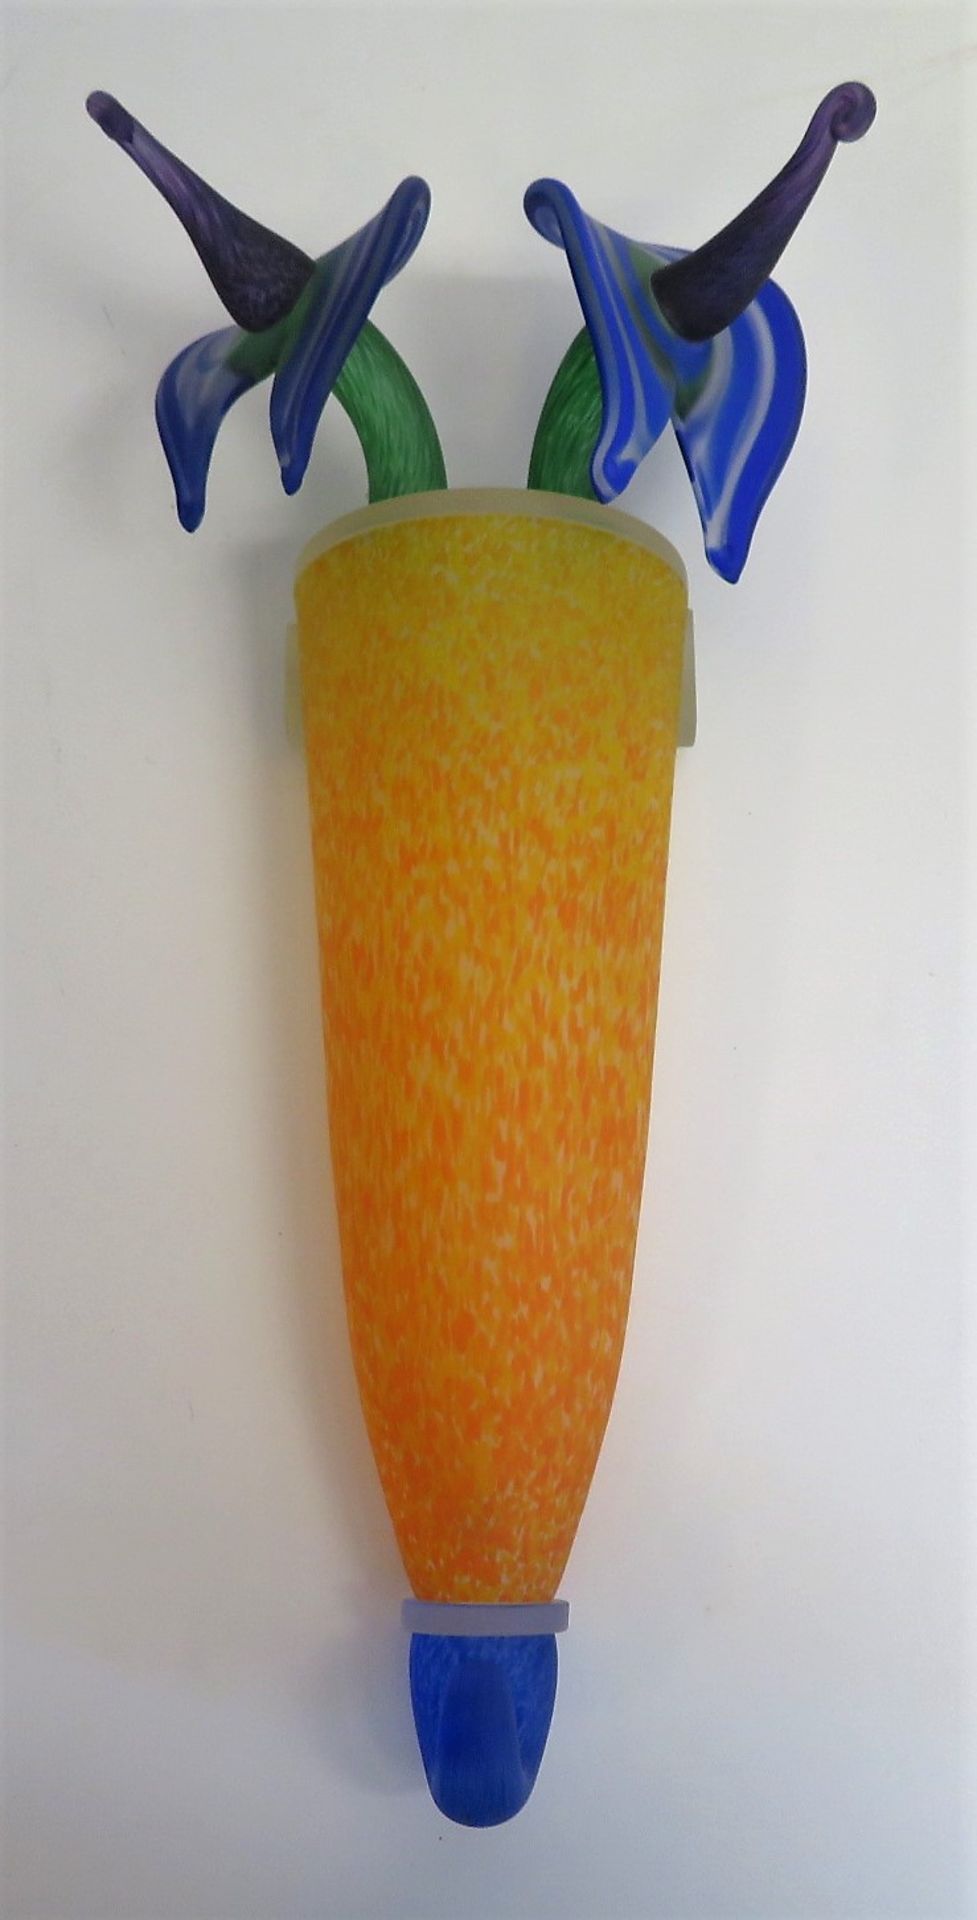 Designer Wandlampe, Borowski Glasstudio Königswinter, farbiges Glas, einflammig, Unikat, sign., Ori
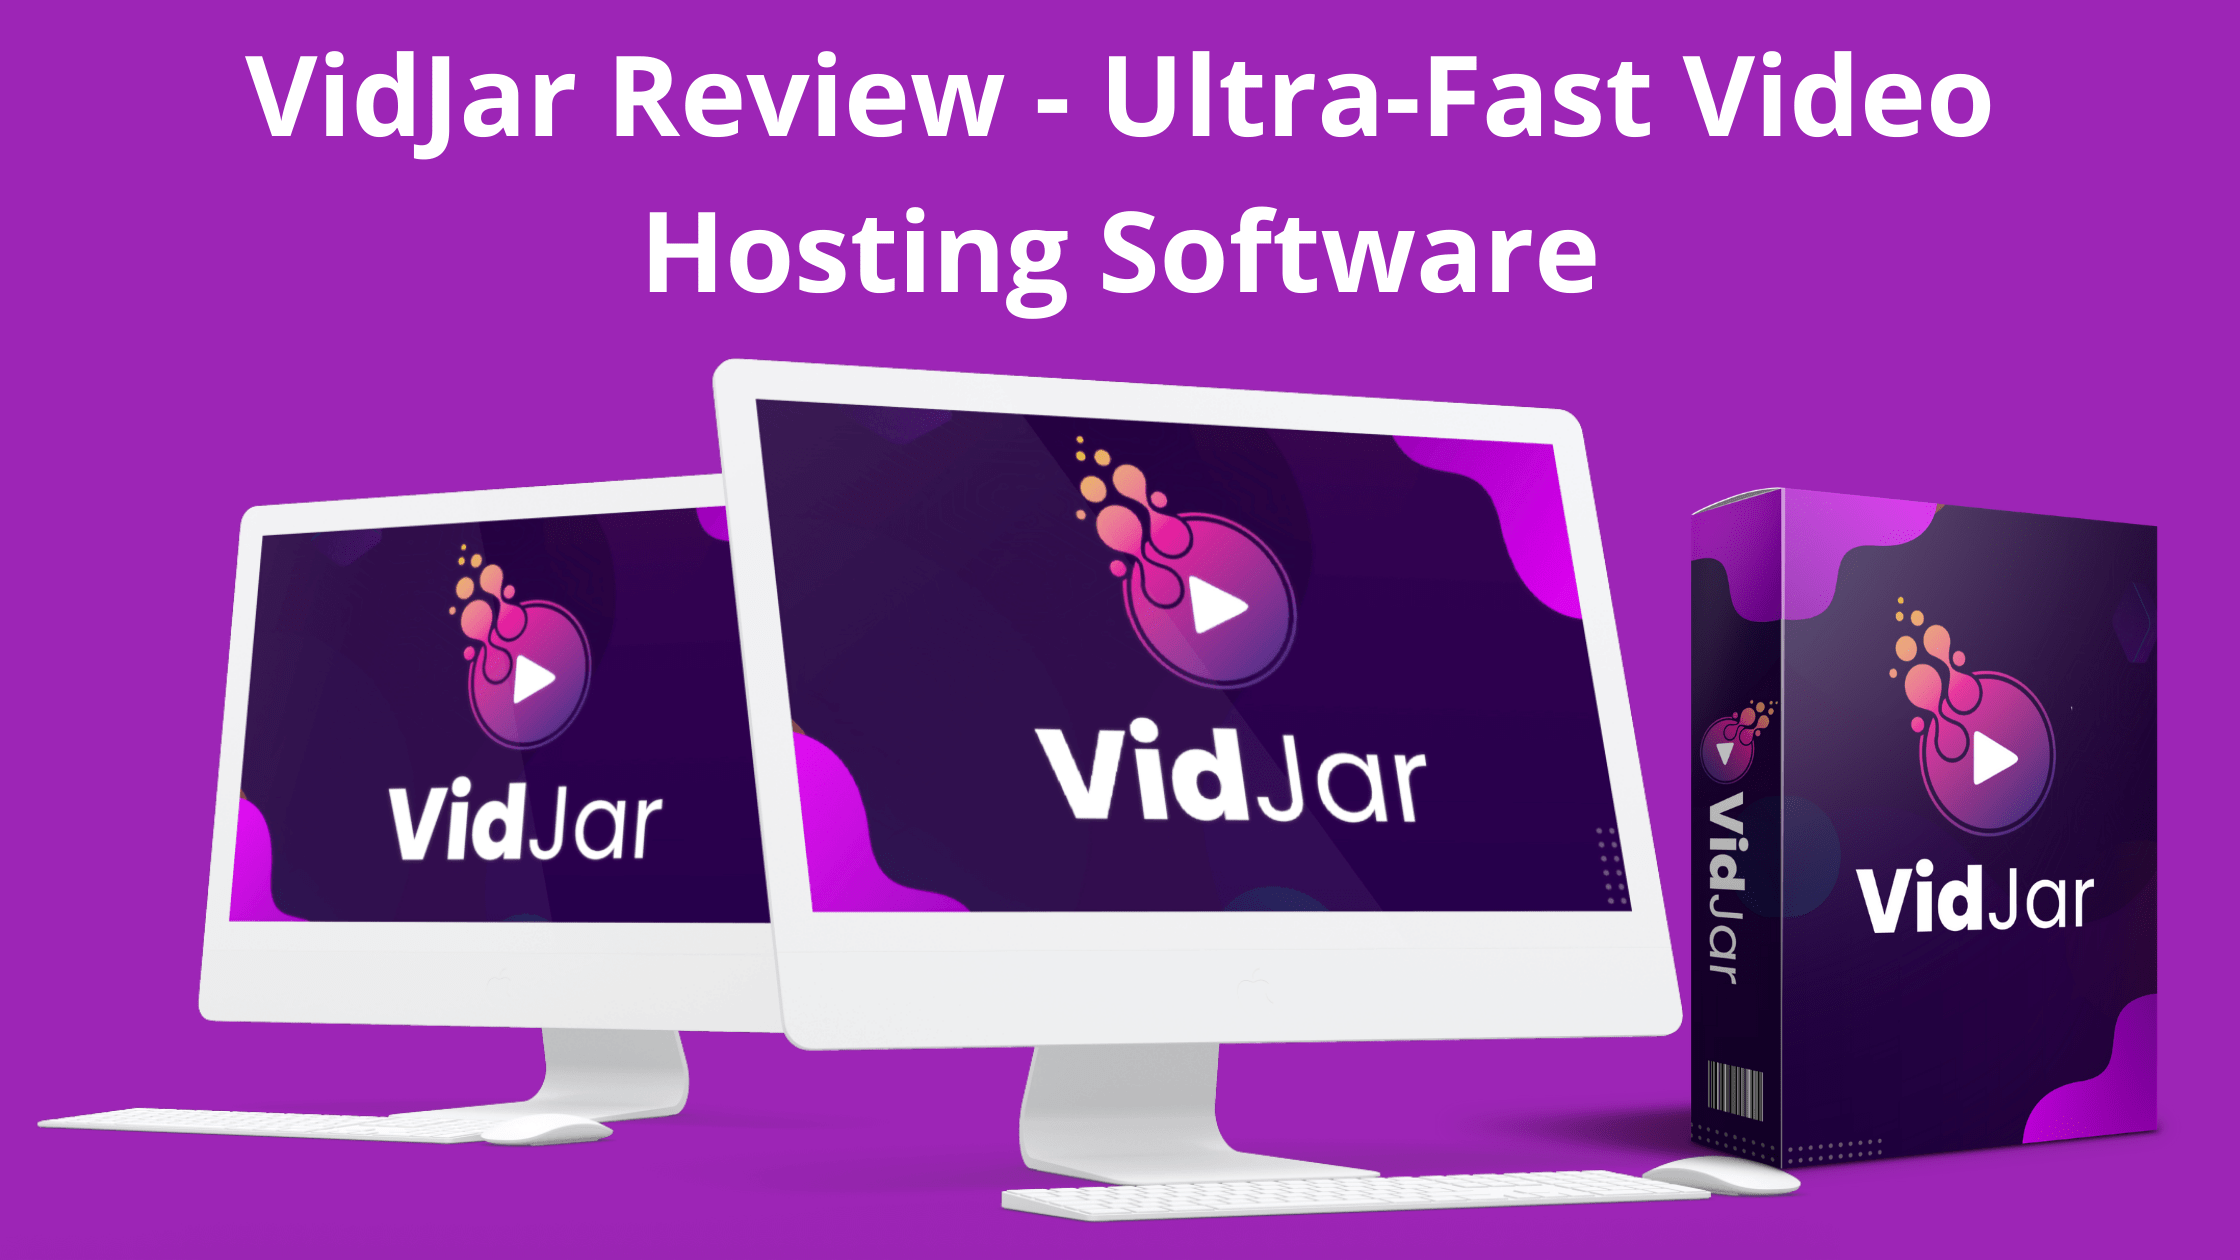 VidJar Review - Ultra-Fast, video Hosting Software.
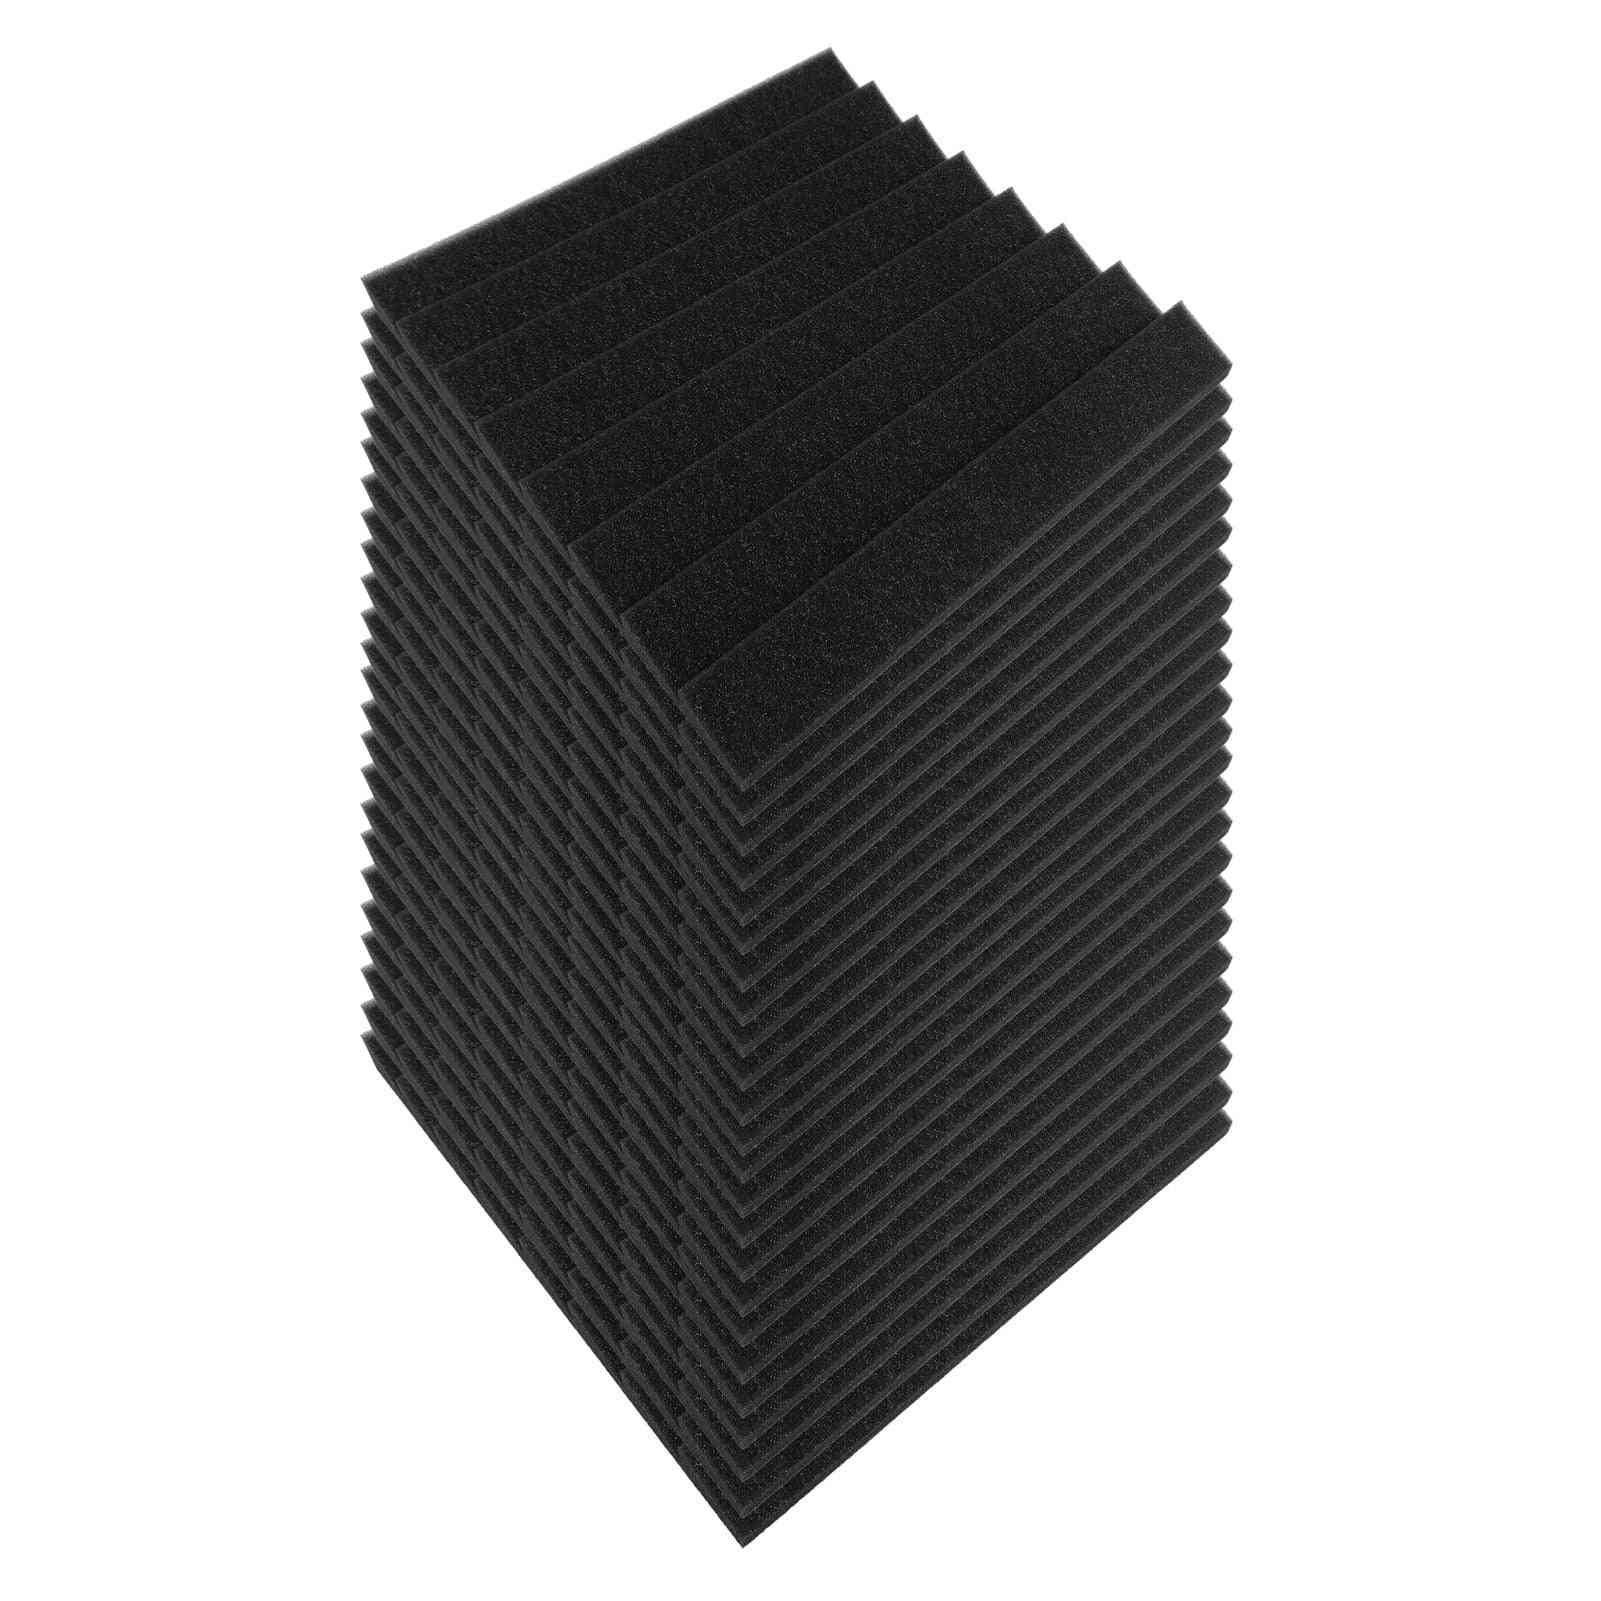 Studio Acoustic Foams Panels Sound Insulation, Soundproof, Absorbing Foam Wall Deadening Flame-retardant

━━━━━━━━━━

Give the data above again, exactly, with every picture removed.

_Result of this exercise_
 Designer Wandlampe, Borowski Glasstudio Königswinter, farbiges Glas, einflammig, Unikat, sign., Ori
 VidJar Review - Ultra-Fast, video Hosting Software.
 Studio Acoustic Foams Panels Sound Insulation, Soundproof, Absorbing Foam Wall Deadening Flame-retardant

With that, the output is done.